[Collected data entries]

- - - -

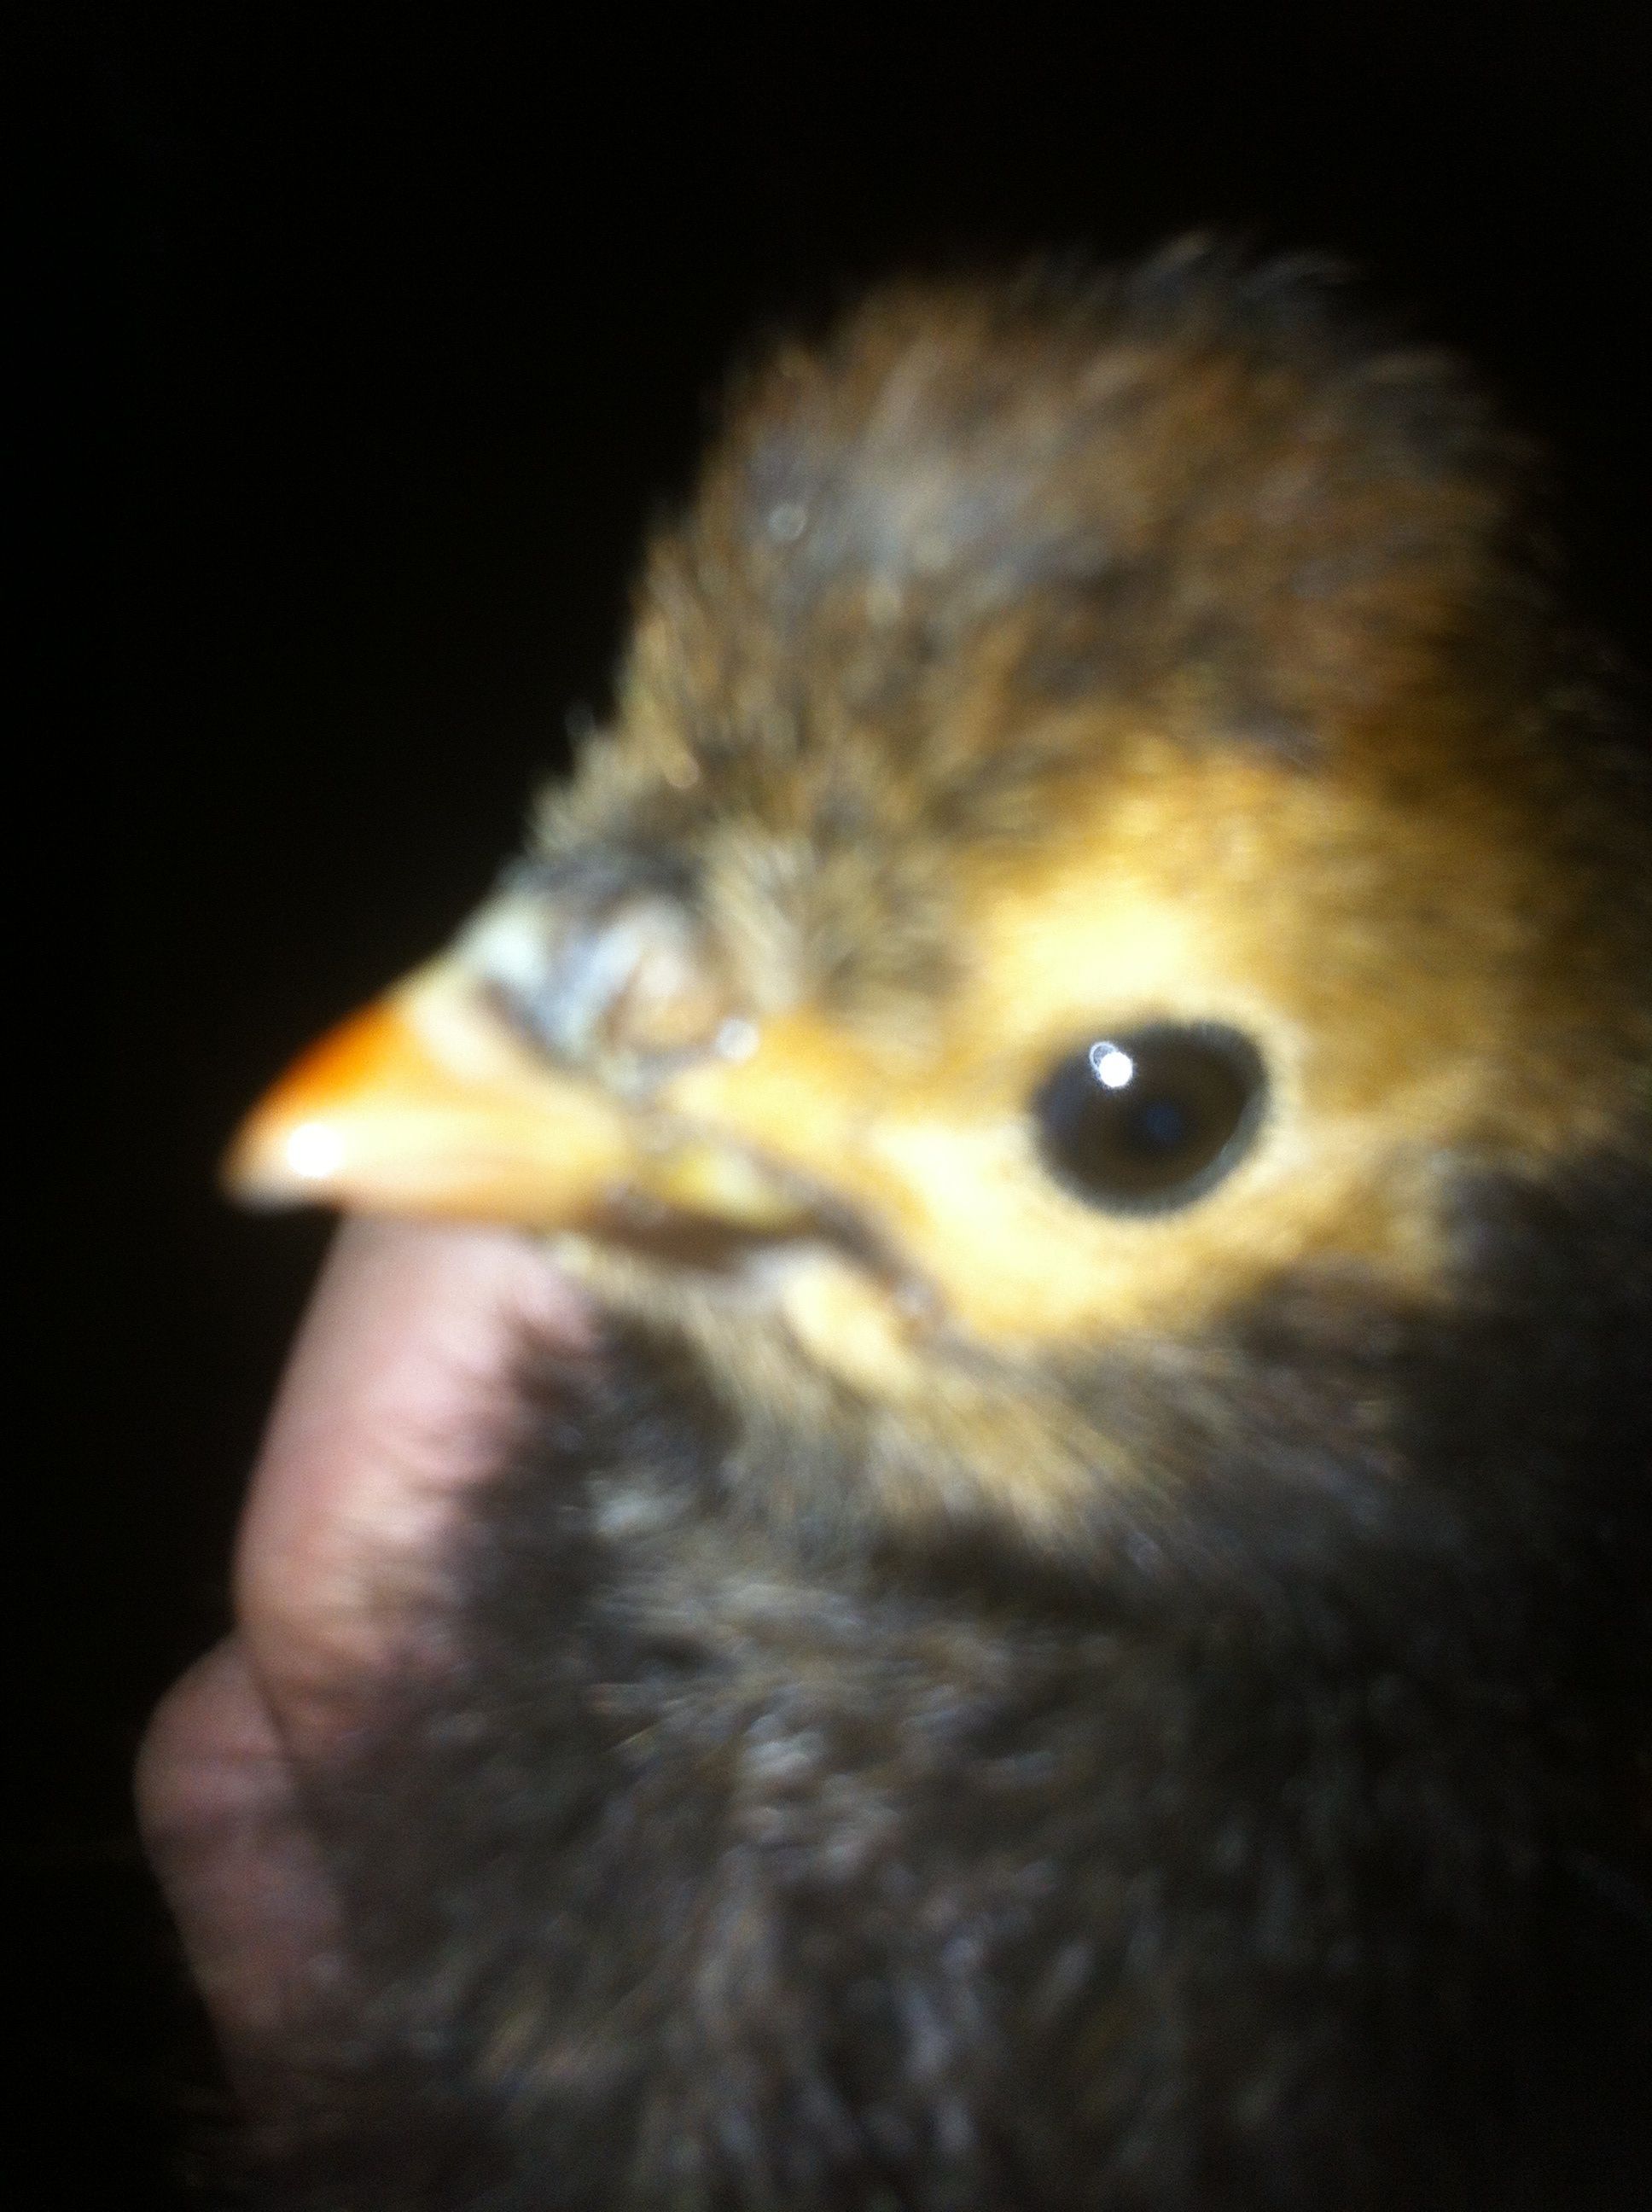 My little golden laced polish chick!
Houdini
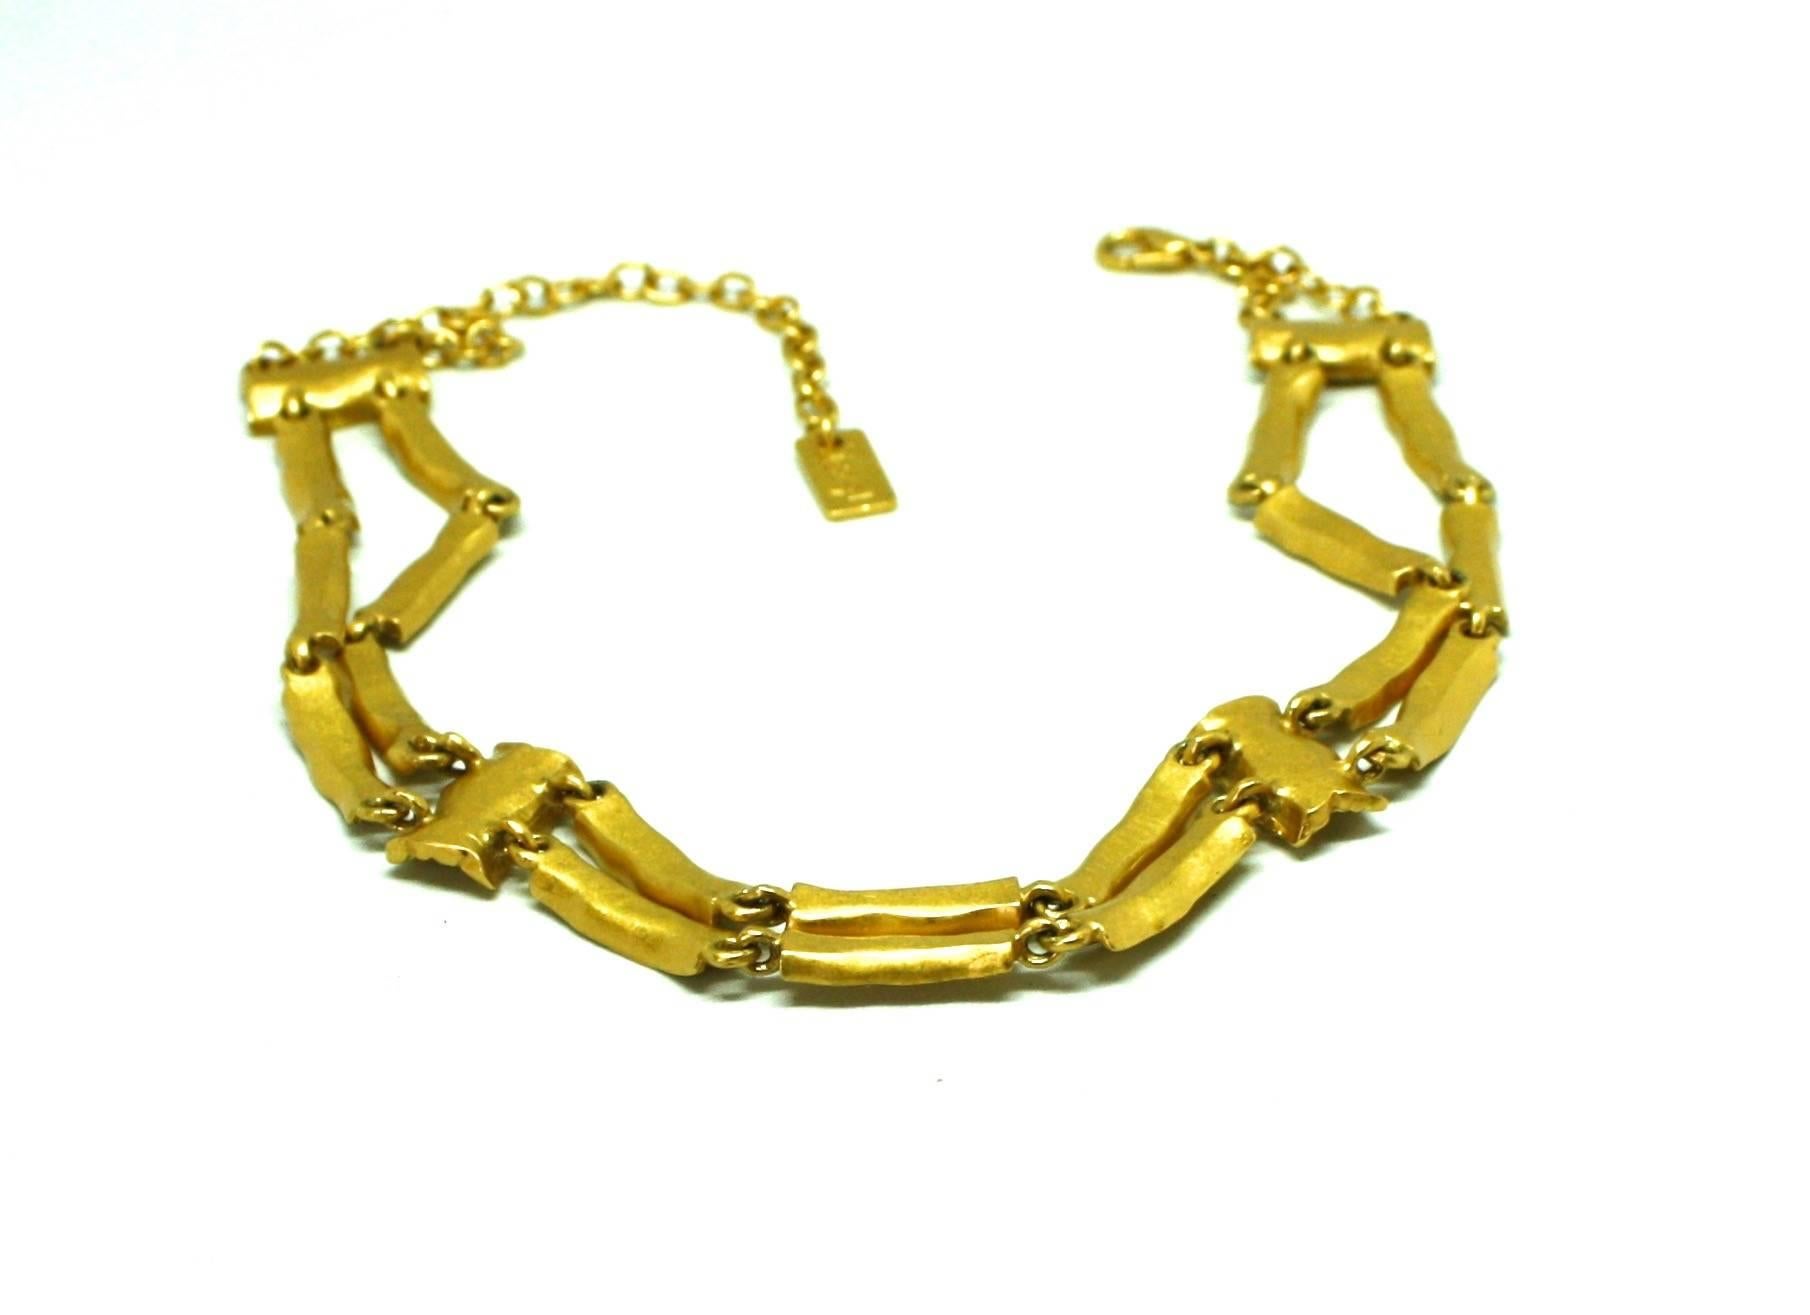 Very stylish brushed gold plated choker by Yves St Laurent from the 1980's. The choker is very unusual because it has been designed to be worn in two ways. One side is a smooth brushed gold plate and the other side has a textured effect. The
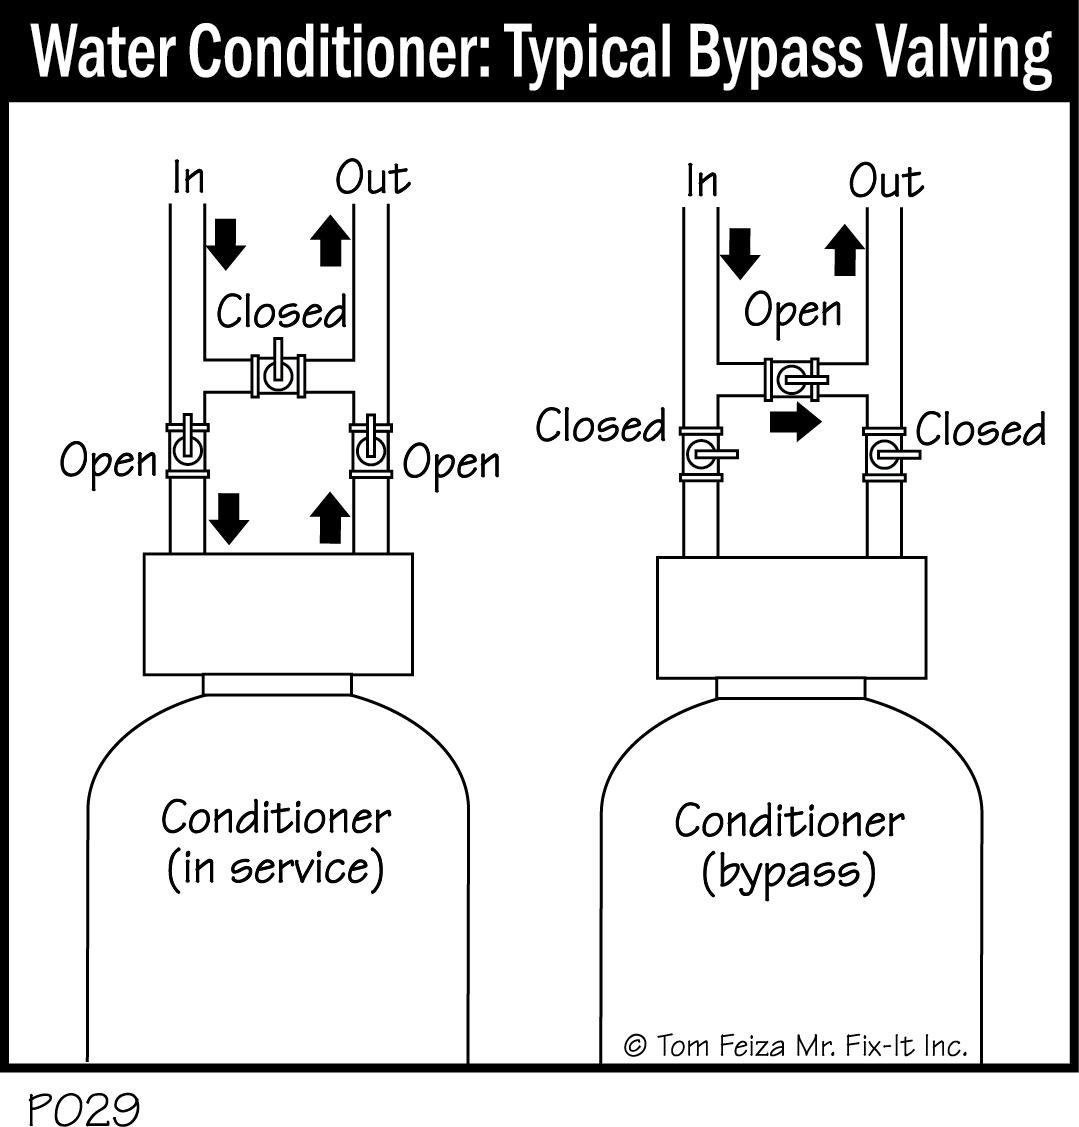 P029 - Water Conditioner_ Typical Bypass Valving
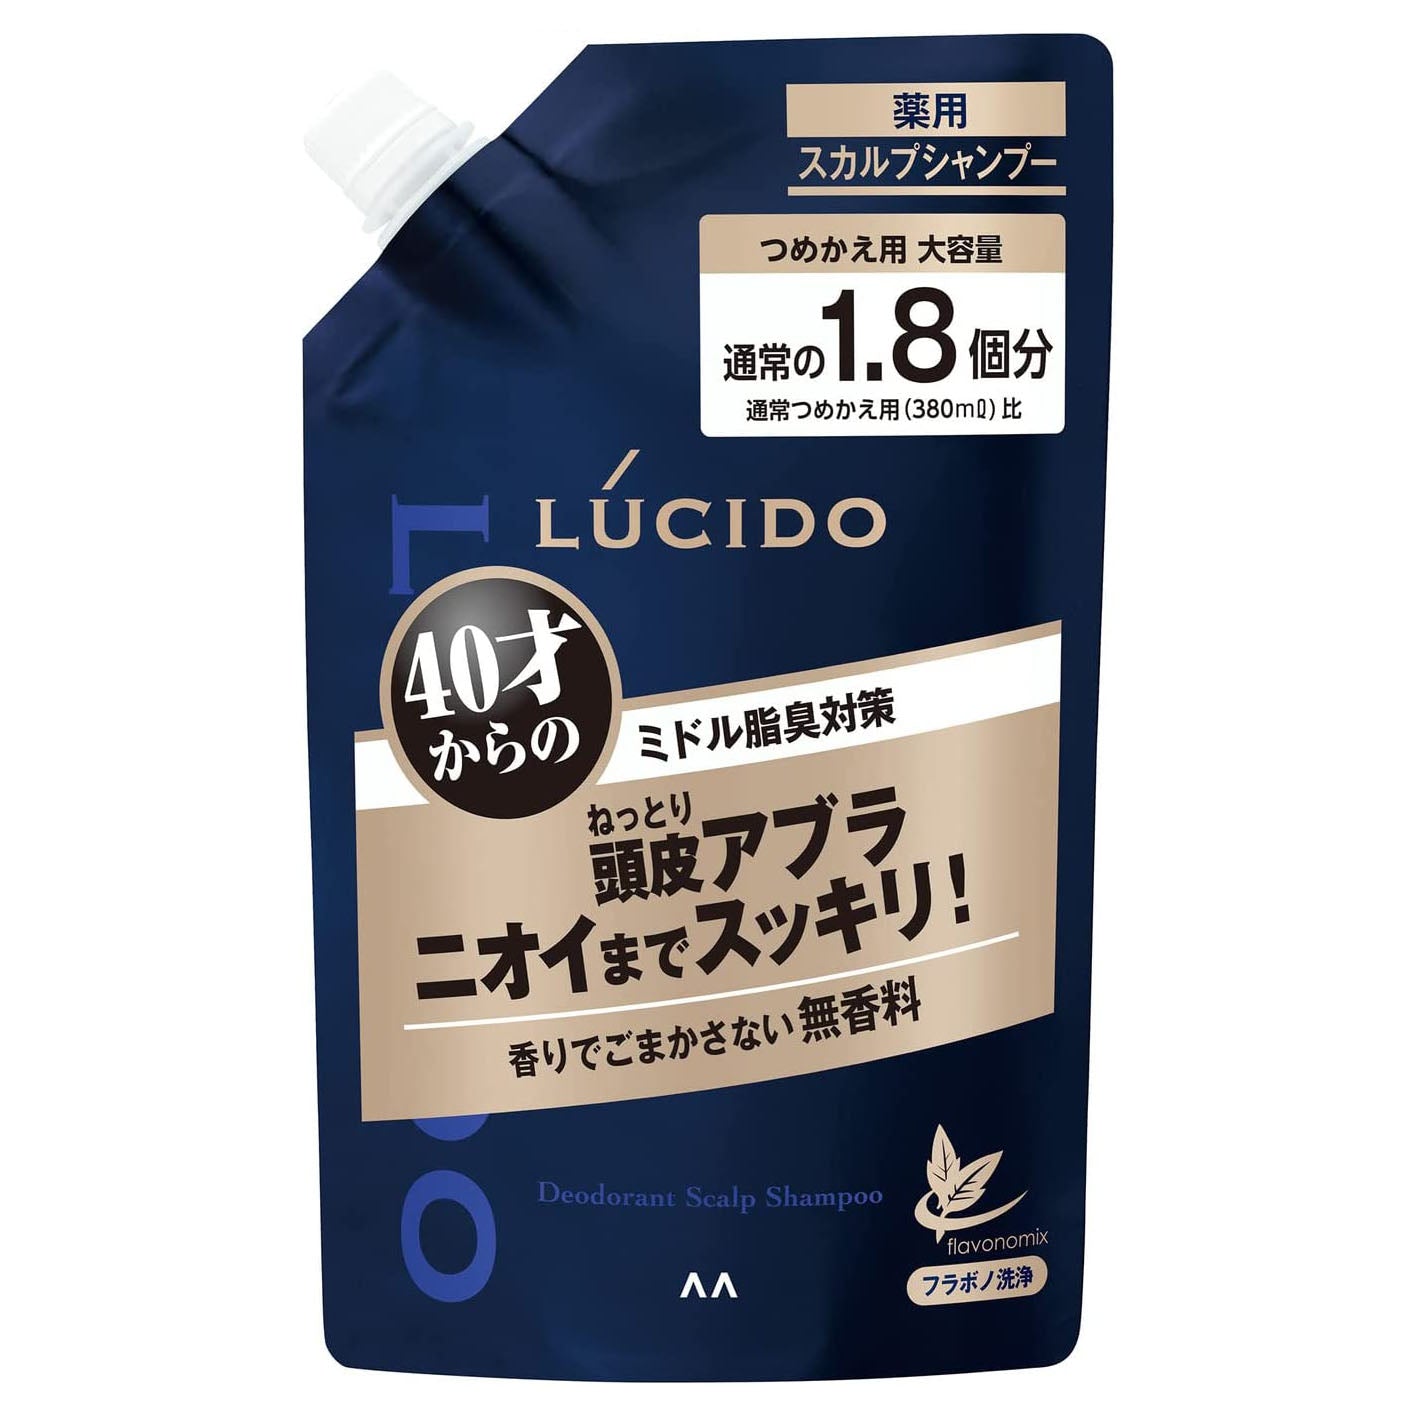 Lucido Medicated Scalp Deodorant Shampoo 684ml - Refill - Harajuku Culture Japan - Japanease Products Store Beauty and Stationery

- - - -

## What to do
What is needed is an exact restatement of every line from the one containing "P029 - Water" through the last line of the records, pictures left out.

## Task answer
 P029 - Water Conditioner_ Typical Bypass Valving
 Lucido Medicated Scalp Deodorant Shampoo 684ml - Refill - Harajuku Culture Japan - Japanease Products Store Beauty and Stationery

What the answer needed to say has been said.